WWN’s Horoscopes
aries
21 March – 20 April
You use the weather as your opportunity to smash your boy-racer neighbour’s windscreen in, then be all like ‘oooh, did the storm getcha?’.
taurus
21 April – 21 May
You use the weather as your opportunity to make some unneccesary journeys.
gemini
May 21 – June 20
You use the weather as your opportunity to stand in front of a girl, asking her to love you, like a big wet sap.
cancer
June 21 – July 22
You use the weather as your opportunity to wash yourself for the first time in months.
leo
July 23 – August 22
You use the weather as your opportunity to bang on about water charges, not that you needed much of an excuse.
virgo
August 23 – September 22
You use the weather as your opportunity to show how climate change is a myth.
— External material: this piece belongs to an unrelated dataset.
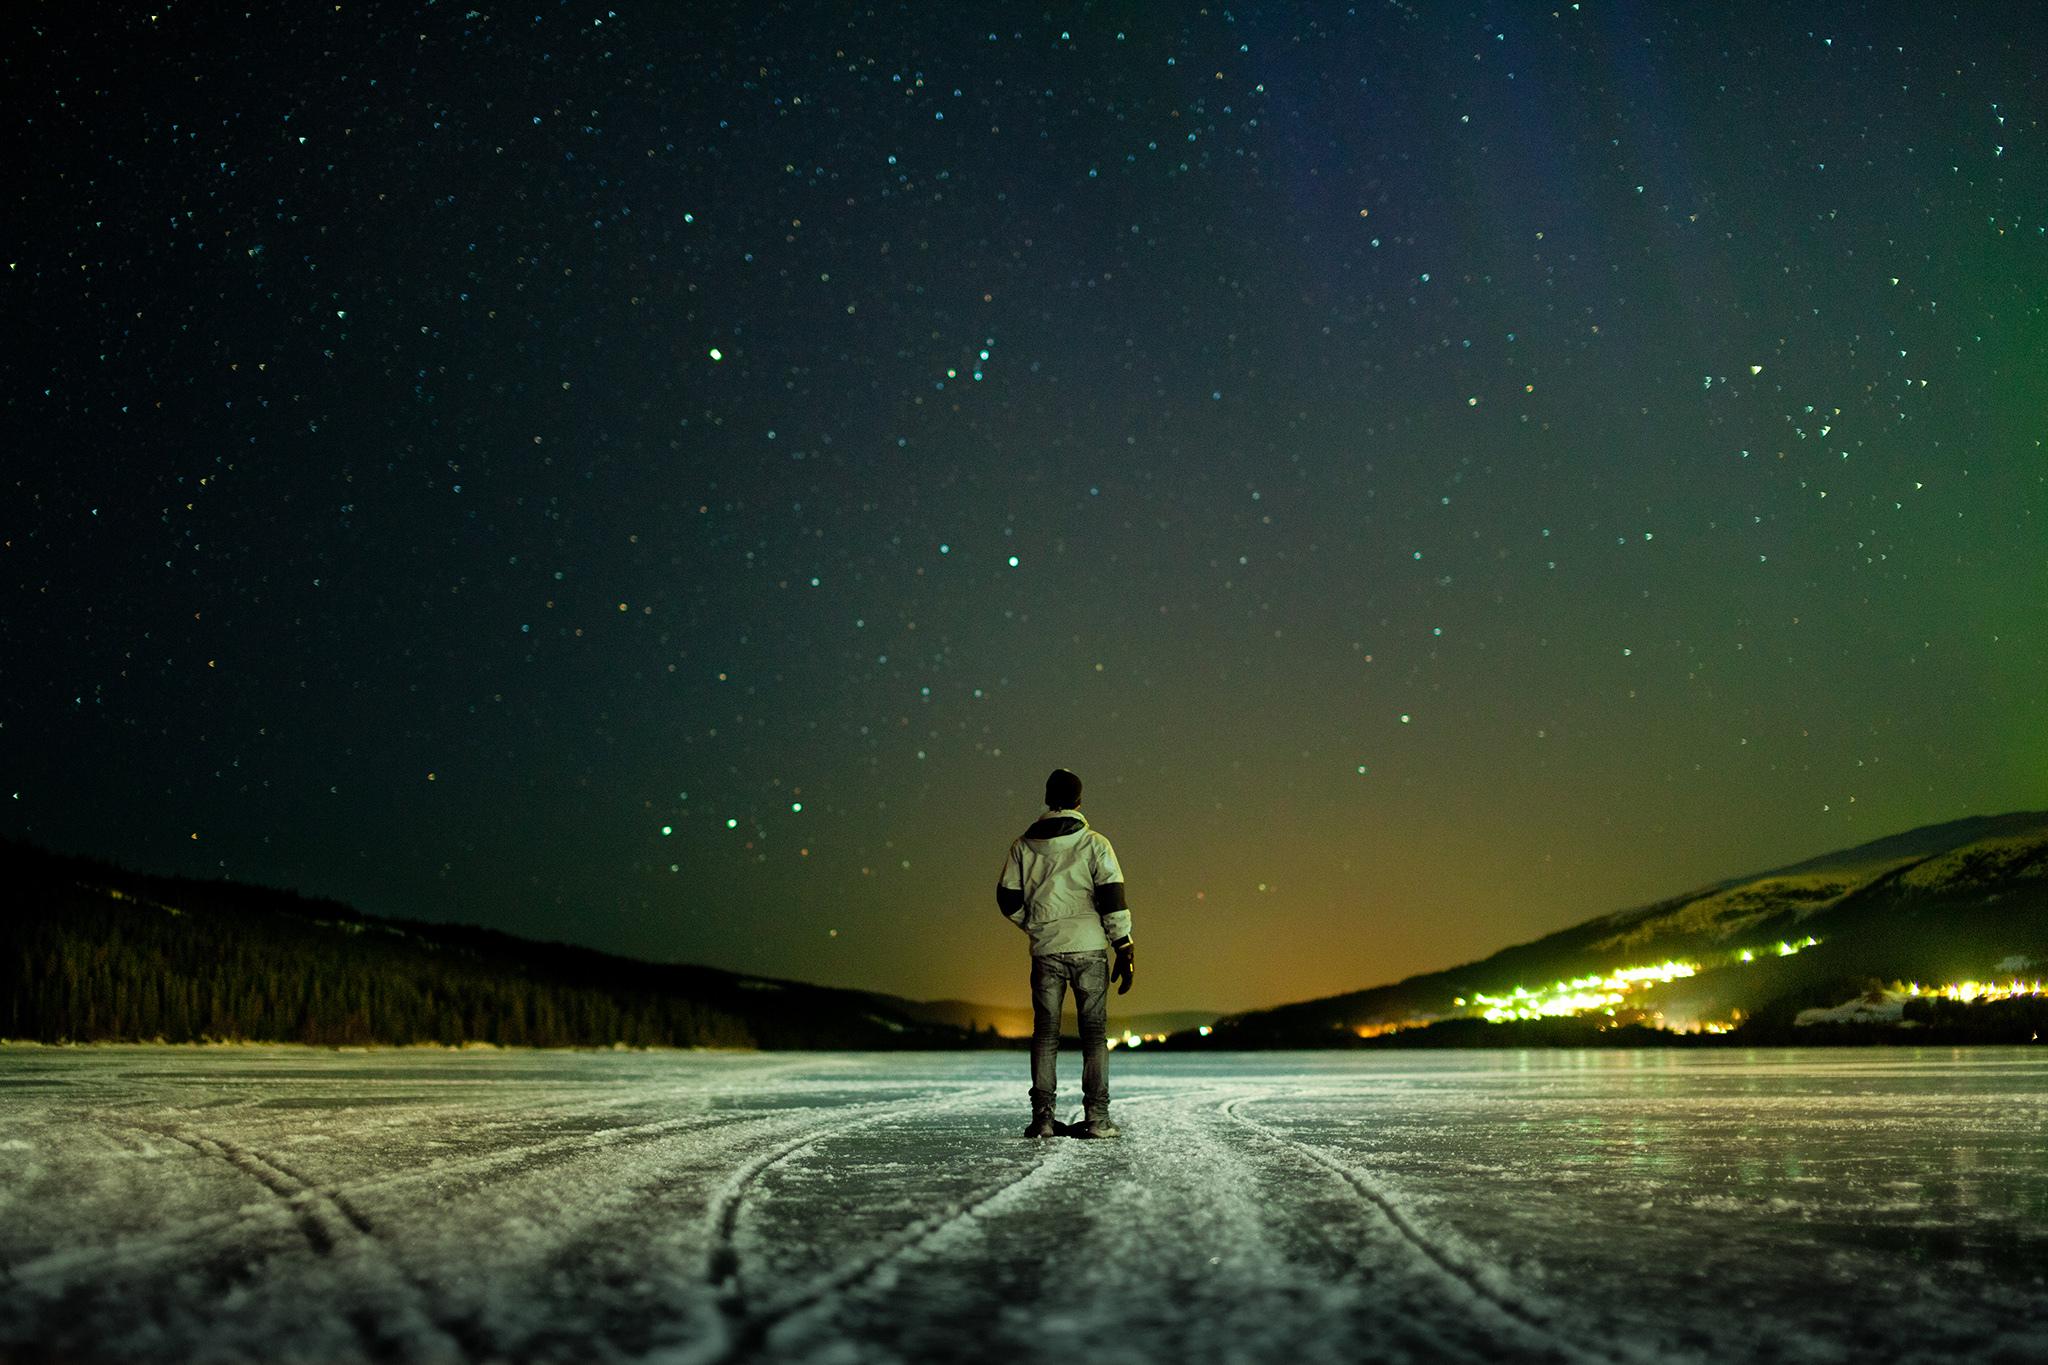 night-winter-sky-stars-river-ice-the-horizon-the-lights-man_-mood-tilt-shift-tilt-shift-background-pictures-wallpaper-wallpapers.jpg
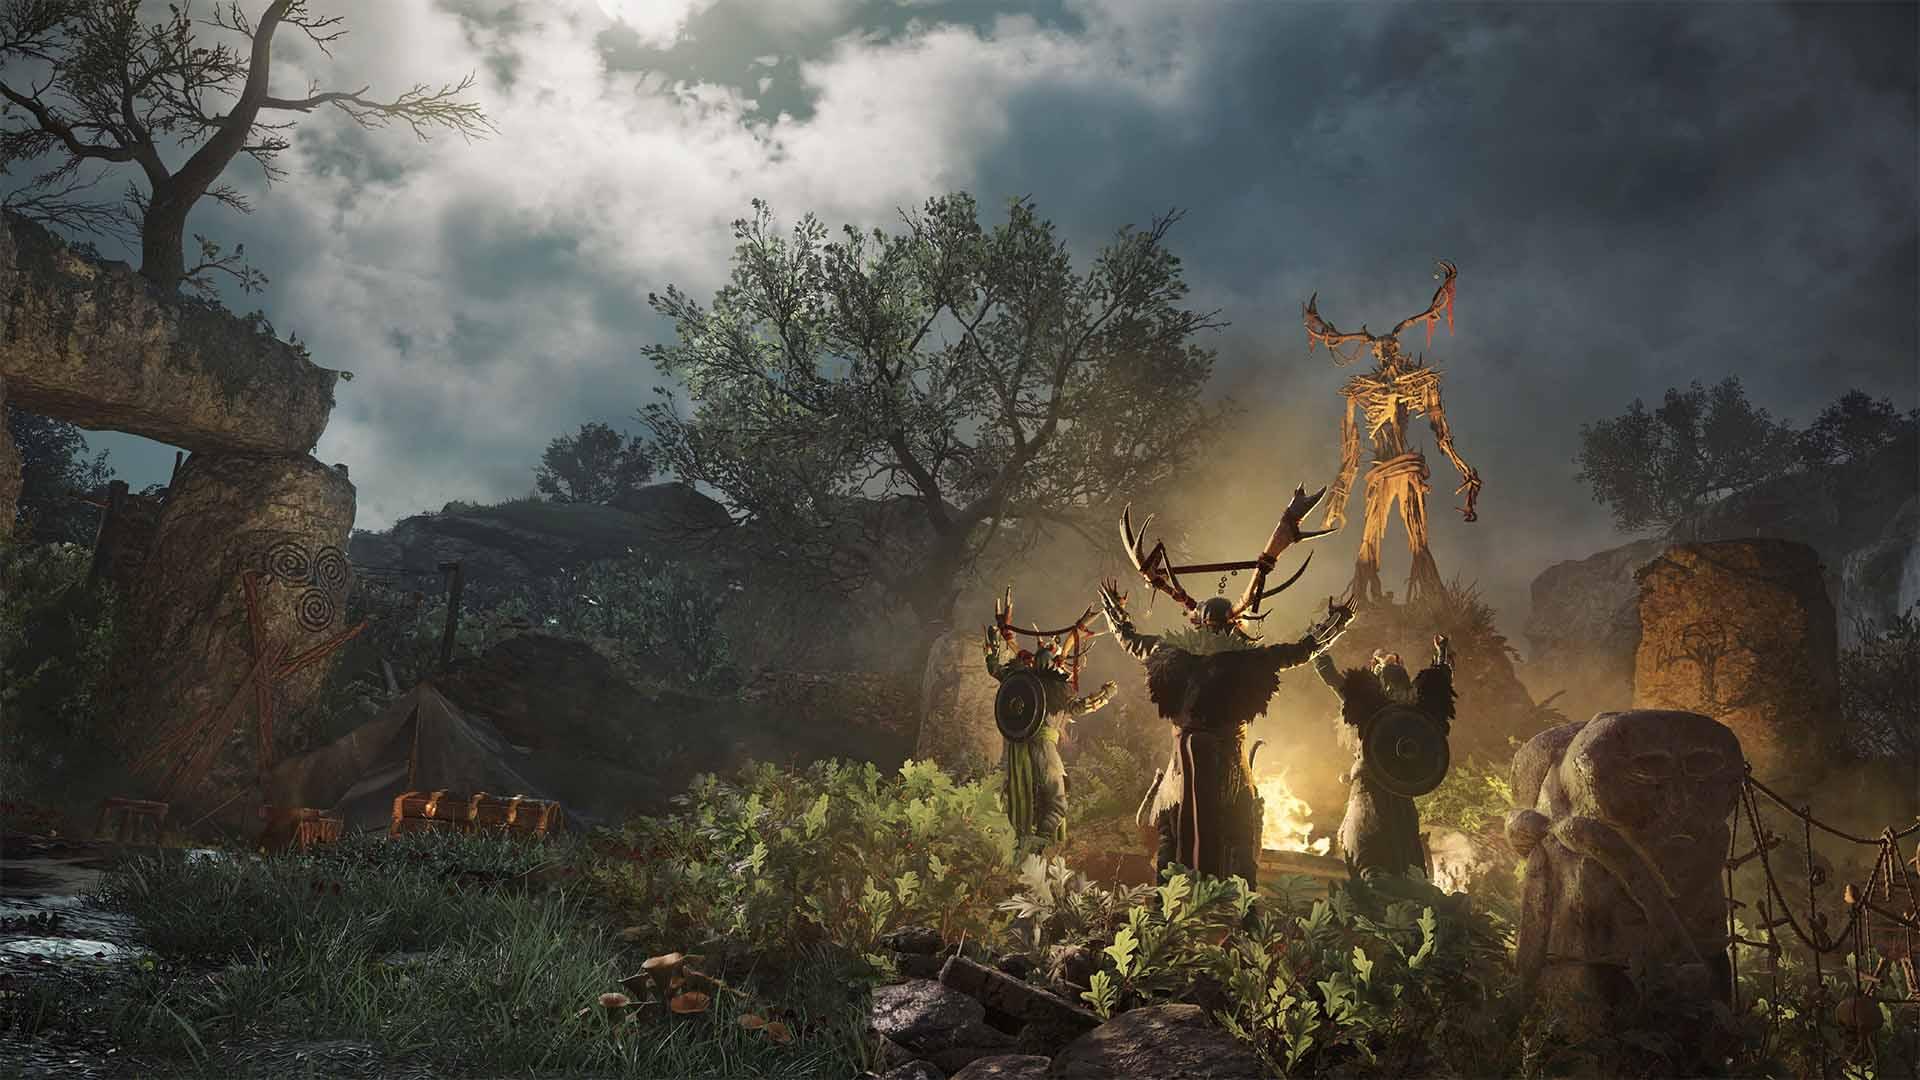 Análisis de Assassin's Creed Valhalla: La Ira de los Druidas - Xbox Series X 5

Global warming? It’s fuckin’ Baltic, pal.
libra
September 23 – October 22
You use the weather as your opportunity to have a pretty epic fight to the death with your nemesis, Brian.
scorpio
October 23 – November 21
You use the weather as your opportunity to continue your research into the effects of rain on trees. ‘Makes them wet’ is all you have so far.
sagittarius
November 22 – December 21
You use the weather as your opportunity to go on the lash. Well, stay on the lash.
capricorn
December 22 – January 19
You use the weather as your opportunity to justify the fact that you haven’t mended the fence since the last time it blew down in a storm.
aquarius
January 20 – February 18
You use the weather as your opportunity to knuckle down and get some study done, with a nice big warm cup of hahaha yeah right, get the PlayStation on there.
pisces
February 19 – March 20
You use the weather as your opportunity to drench cyclists as you drive through big puddles in your car. It’s… very satisfying.